In response, Guatemala's President Jimmy Morales blamed the country's top court and political opponents for undermining his close ties to the United States.
Morales was due to sign a deal with Trump last week that would have made the country act as an asylum buffer zone to reduce immigration to the US.
Instead he cancelled the planned summit with Trump at the White House after the country's Constitutional Court ruled he could not ink such an agreement without prior approval from congress, which is on a summer recess.
"The Constitutional Court, without any understanding and without the right to interfere in foreign relations, wrongly took a stance against the national interest," Morales said in a statement posted on Facebook.
Trump has made restricting immigration a cornerstone of his presidency and re-election campaign. He has pushed Guatemala, Mexico and other countries in the region to act as buffer zones and take in asylum seekers who would otherwise go to the US.

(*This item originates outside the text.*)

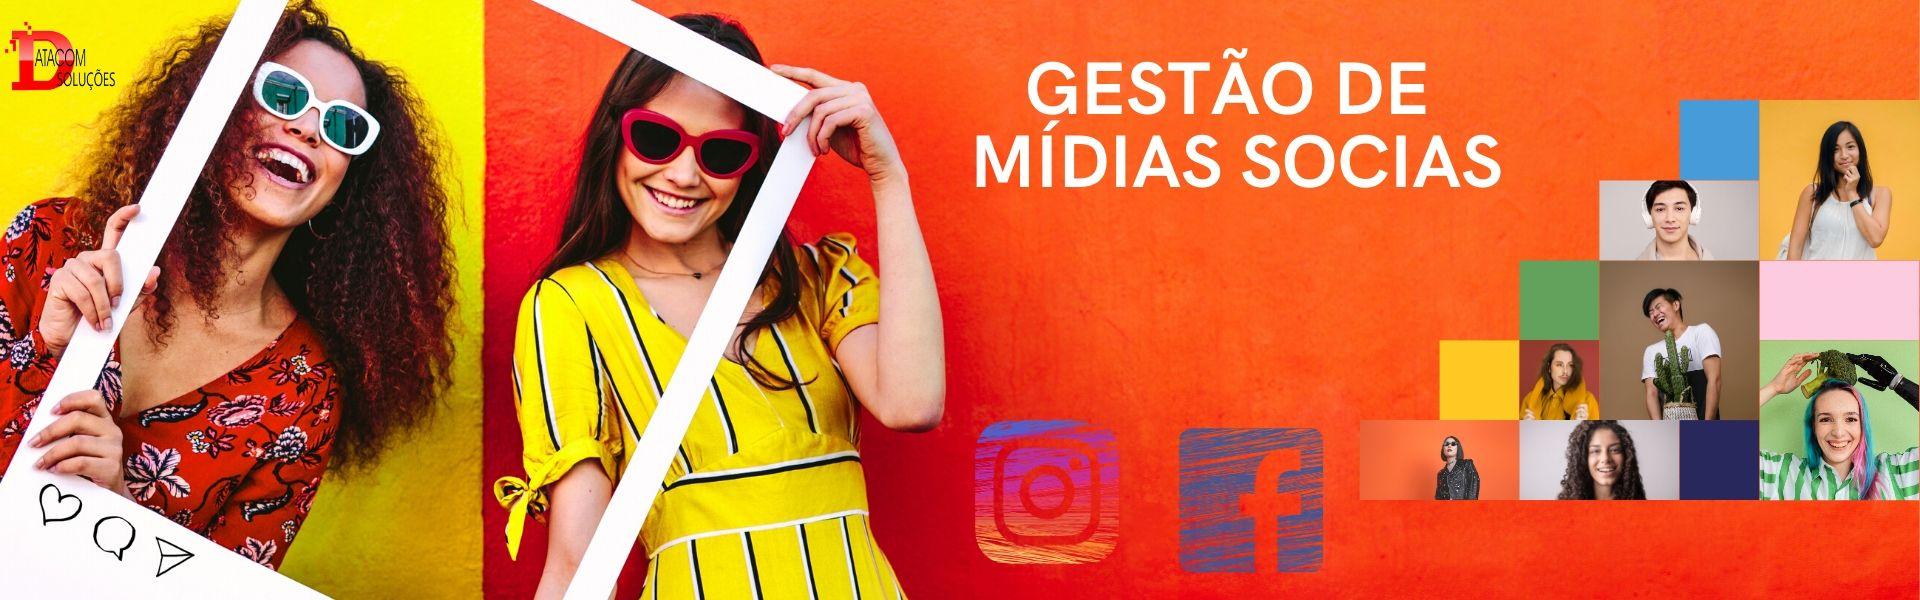 gestao-midias-sociais-facebook-instagram-youtube-datacom-solucoes
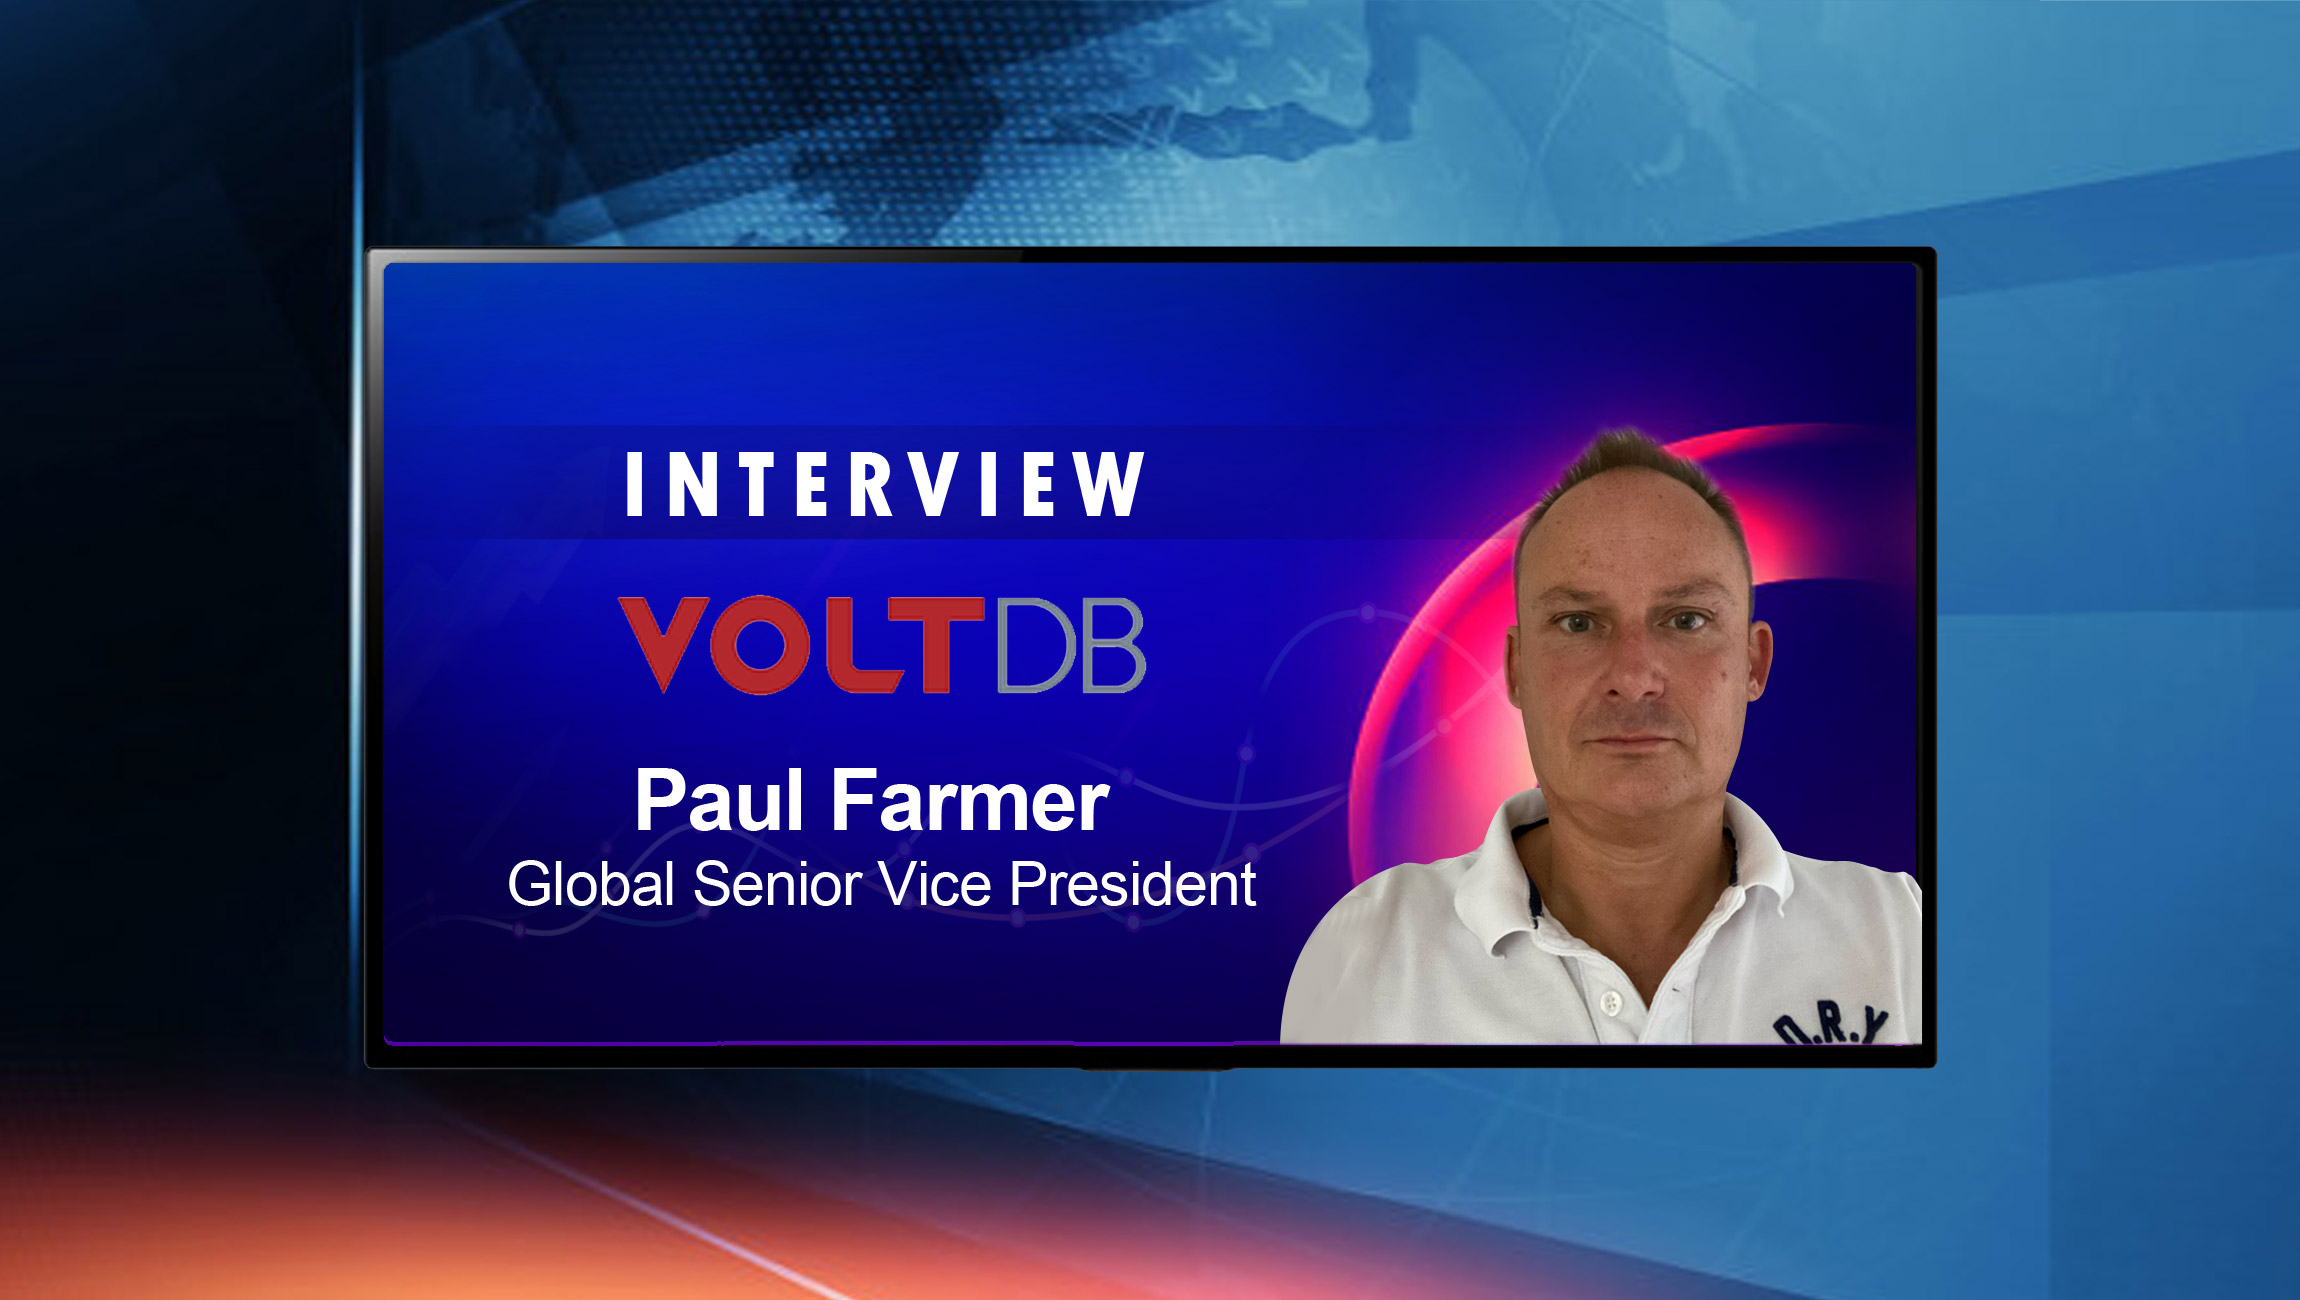 SalesTechStar Interview with Paul Farmer, Global Senior Vice President at VoltDB, Inc.

Meanwhile a scant 35 people were taken into custody during a long-threatened US enforcement action that targeted more than 2100 immigrants who had been ordered deported, the head of US Immigration and Customs Enforcement said on Tuesday.
Trump described the action over the July 13 weekend, dubbed "Operation Border Resolve", as "very successful" even though much of the activity was not visible to the public.
The operation was originally scheduled for June for a dozen major US cities and was highly publicised, which likely contributed to the low rate of arrests, acting director of ICE Matthew Albence said on a call with reporters.
He described the operation as targeted against specific individuals who were in violation of the law, not raids.
"I guarantee you if we were doing raids, and we had officers running all over the place picking up targets indiscriminately, you would have videos all over YouTube," he said.
As word spread about the possible ICE operation, immigration rights groups circulated "know your rights" materials in immigrant communities and local activists advised people not to answer the door to agents without a warrant.
Albence said some operations were called off because their officers were "under surveillance".